Можно сказать, что на этом этапе Робин Гуд стал орудием педагогики, хотя параллельно с этим продолжал оставаться героем дешевого популярного чтива. Если в произведениях для взрослых эталонные свойства героя (смелость, щедрость и т. д.), скорее, выступали как нечто присущее ему априори, а читателям в качестве предмета для размышлений нередко предлагались политические взгляды авторов, то юными читателями авторы стремились дать скорее определенные ориентиры, на которые те могли бы опираться. Педагогически подправленный Робин Гуд сделался воплощением этики частной школы (public school), через которую проходило большинство юных англичан из высшего и среднего класса и которая должна была подготовить мальчиков к службе, военной или гражданской (или лучше сказать «служению»), на благо империи, в том числе, и в колониях. Частные школы транслировали такие ценности, как «спортивное поведение», храбрость, справедливость, неизменное присутствие духа, дисциплинированность, готовность исполнять долг и умение переносить трудности6. В результате этой подготовки юноша должен был стать «джентльменом и христианином... который всегда играет честно и чья высшая цель — служить другим» [Lawrence 1994, 207]. Если «дешевые ужасы» предназначались, в основном, для невзыскательной публики из низшего класса (среди читавших эти романы подростков было много рабочих, рассыльных, газетчиков), то авторы «школьных Робин Гудов» имели в виду иную целевую аудиторию — образованных мальчиков из респектабельных семей, чей круг чтения надлежало тщательно формировать.

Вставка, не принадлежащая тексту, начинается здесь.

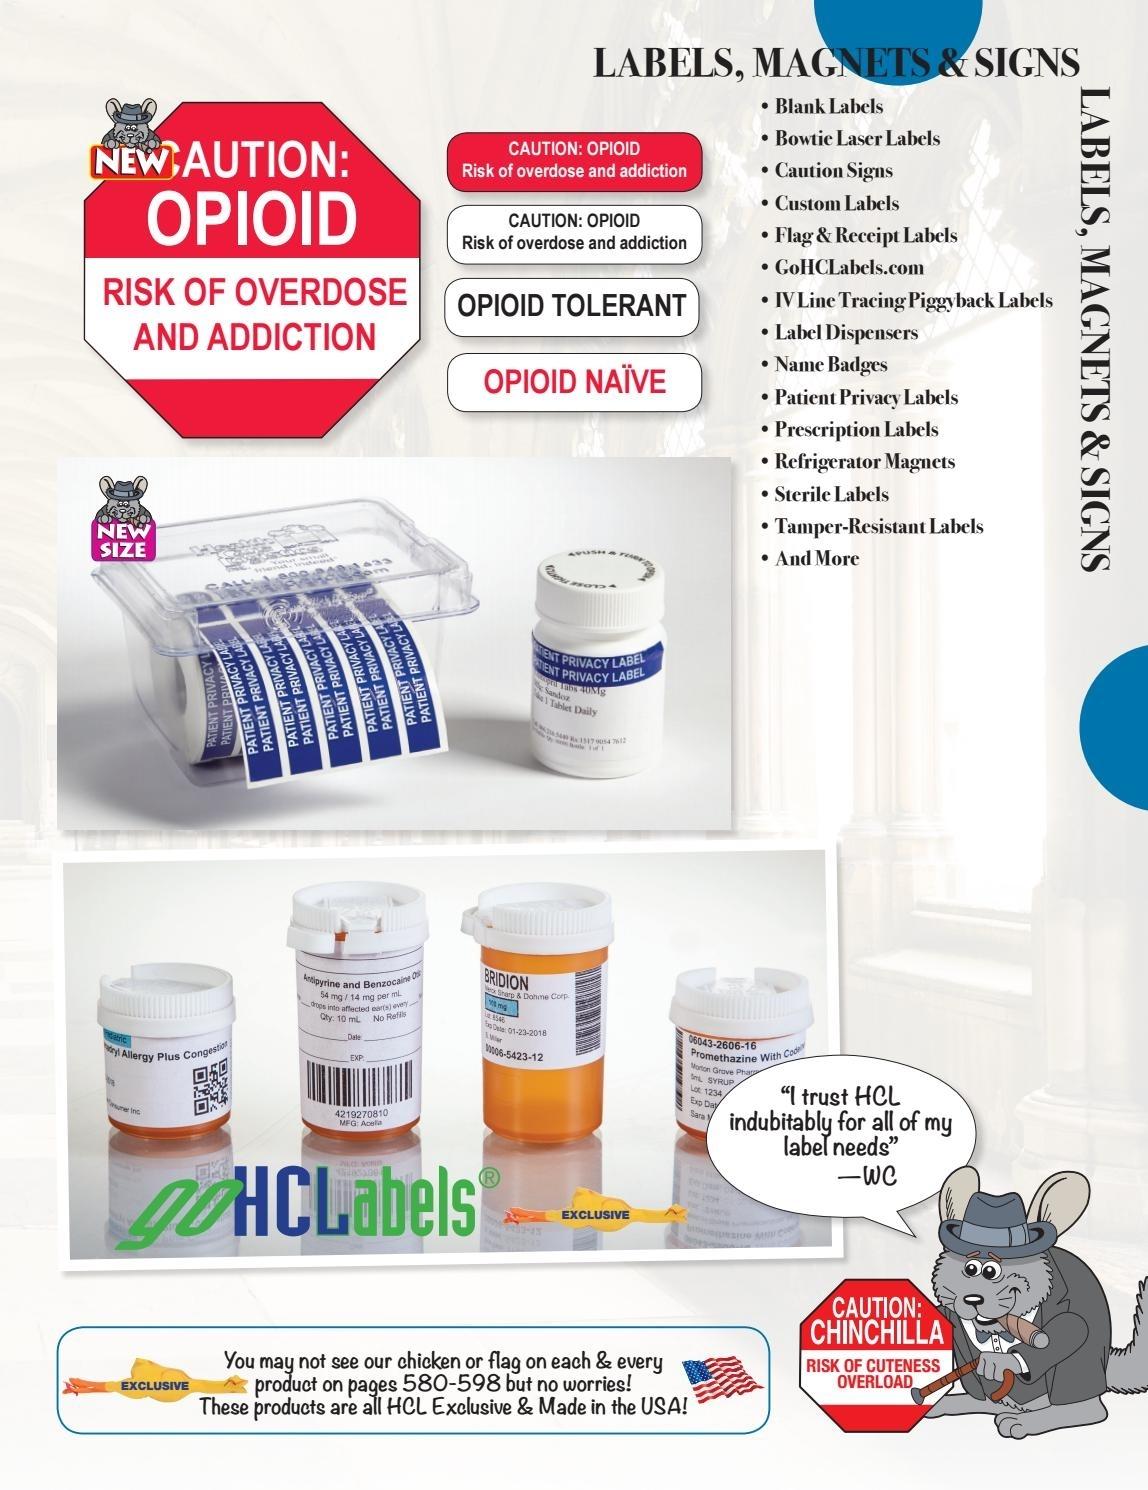 Hcl Winston Churchilla Labels By Health Care Logistics - Issuu

Нужно было время, чтобы Робин Гуда сочли приемлемым героем для читателей из среднего класса — и еще больше времени, чтобы робингудовский легендариум наконец сделалась респектабельным источником сюжетов для детского чтения. Единственный способ изобразить Робин Гуда кем-то иным, кроме опасного разрушителя и бунтаря, состоял в том, чтобы сделать его похожим на школьника, уравнять с читателями, которым он предлагался в качестве героя.

Трудно с уверенностью сказать, что Робин Гуд как герой романтической литературы или «дешевых ужасов» был настолько близок читателям, чтобы те могли ассоциировать его с собой (хотя попытки повторять те или иные похождения «криминальных героев» периодически фиксировались полицейской хроникой). Но Робин Гуд как герой школьных романов именно и предназначался для того, чтобы читатели могли проассоциировать его с собой — по всем пунктам, которые были ключевыми для этики public schools. Читать предлагалось не о средневековой Англии, а о себе, не об экзотике, а о знакомых и актуальных вещах. Персонажи подобных повестей и романов создавались и воспринимались как ролевые примеры, прагматика их образов заключалась в формировании у читателя положительной оценки определенных свойств, в том, чтобы вызвать у мальчиков желание подражать идеальному герою.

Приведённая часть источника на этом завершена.